Originally Posted by
NGeorge
I do technology consulting for a small business owner who was sold on Nextel for this exact same reason--they use the PTT occasionally, but primary use it as a cell service. In 2003 he switched from AT&T to Nextel "They told me AT&T would work all over the place--and it did, but dropped calls everywhere inside the coverage area, even with 3-4 bars--Nextel has had less physical coverage, but they were honest about it, and I get a decent signal everywhere in their map".
They still have IDEN to this day--upgraded to I1s for their field techs & wife/kids, and I680's in the shop & warehouse. They get 4-5 bars on their Nextels, where I get 1-2 bars on CDMA in the same locations--with all the towers in the area either synergy sites or co-located/right next to each other.
This illustrates the issue of public perception--either 1. Sprint needed to increase their 1900 coverage to match the signal strength of Nextel (as in 1900 fill-in sites), or 2. Since *we* all know bars don't matter, and that a 1 bar CDMA signal can sound as good as a 5 bar IDEN signal, at least tweak the signal indicator in CDMA phones to base off of "quality" rather than "signal strength" just like the old style Sanyo phones did (showing 3-4 bars pretty much always until the conversation started to garble & drop).

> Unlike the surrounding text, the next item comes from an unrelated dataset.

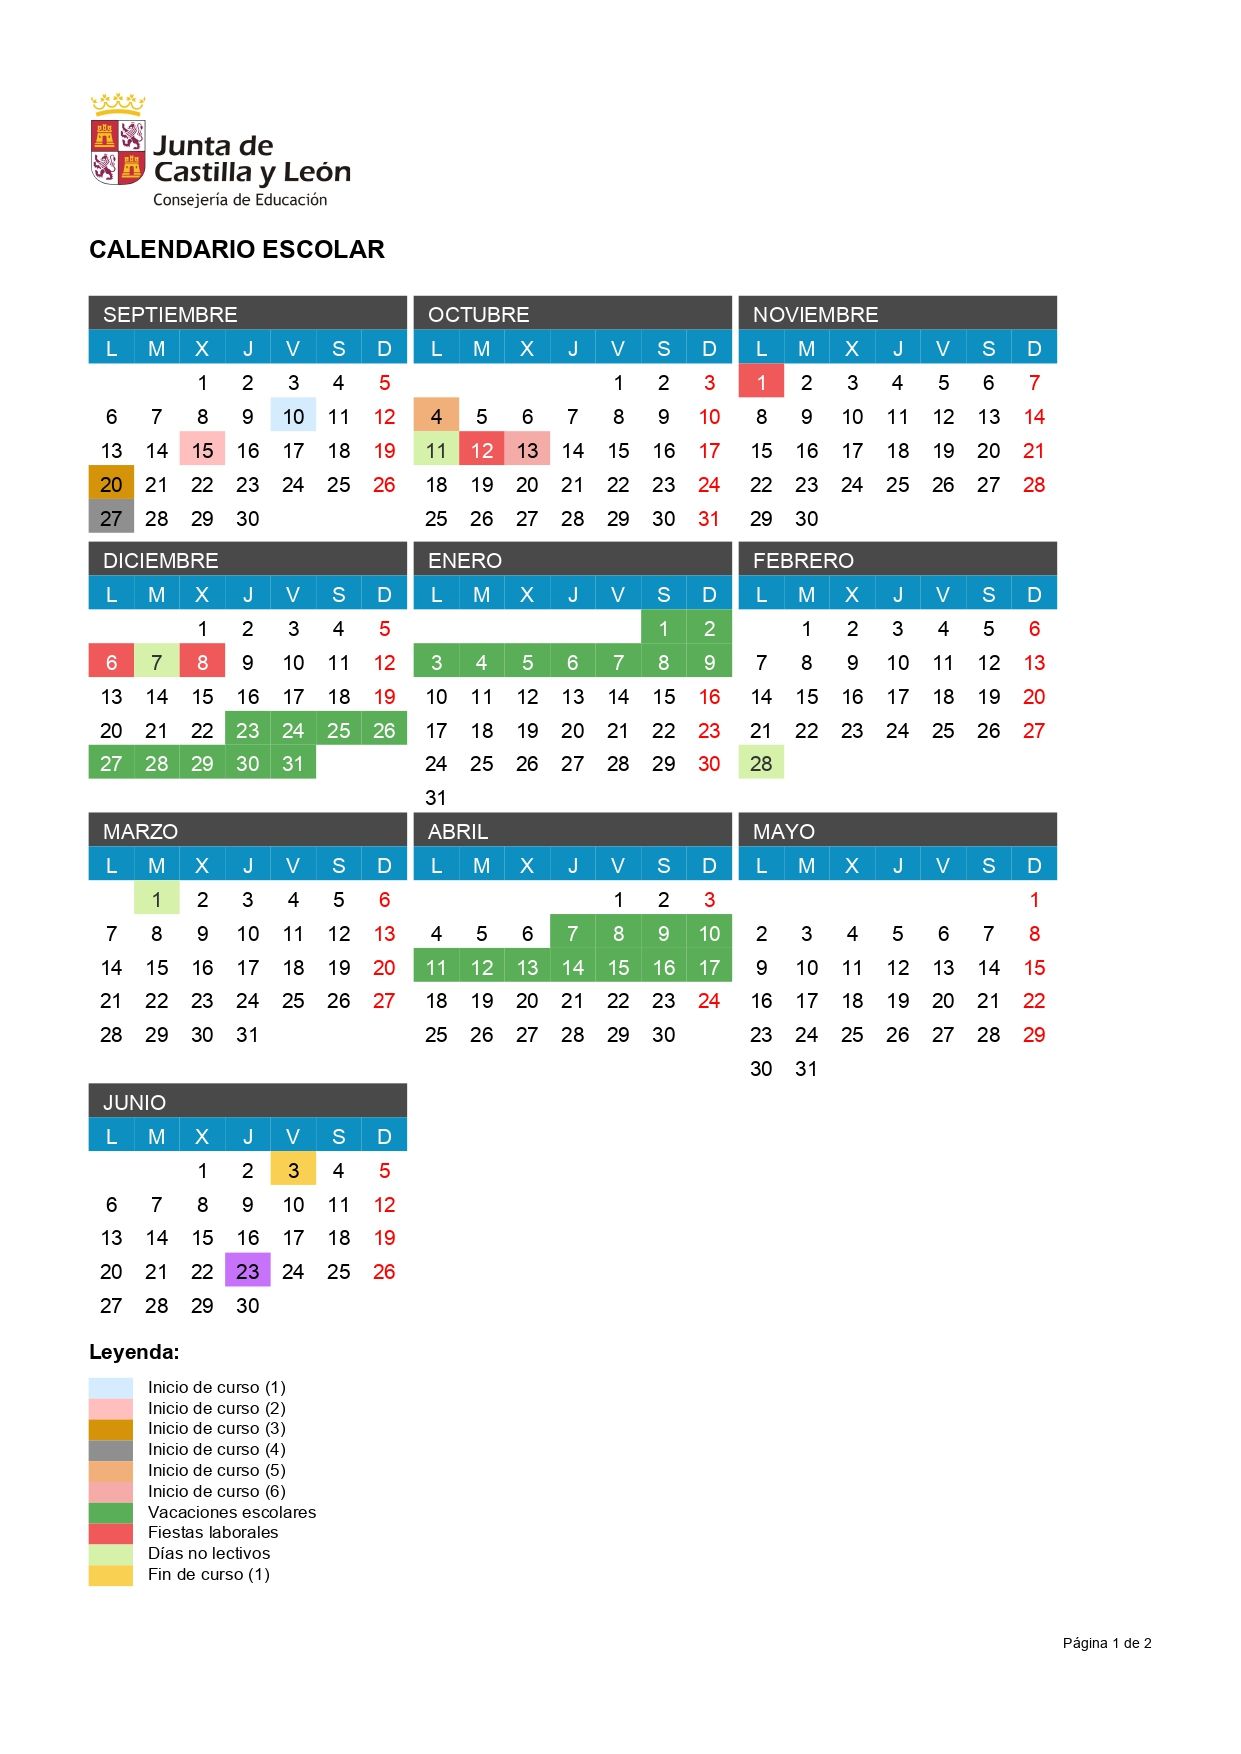 Calendario escolar 2021 2022

Even given the above, unless you are a very "old school" businessperson (which I would say he is) who truly likes the answer "because it makes phone calls where we say it will and it won't break when you drop it"--the honesty sales pitch probably just doesn't work as good as it used to when you also get "So why can't it stream videos again?", "Why is it a brand new phone and can only access about 20% of older apps in the Android Market?" "What about all the crap my kid wants?" etc.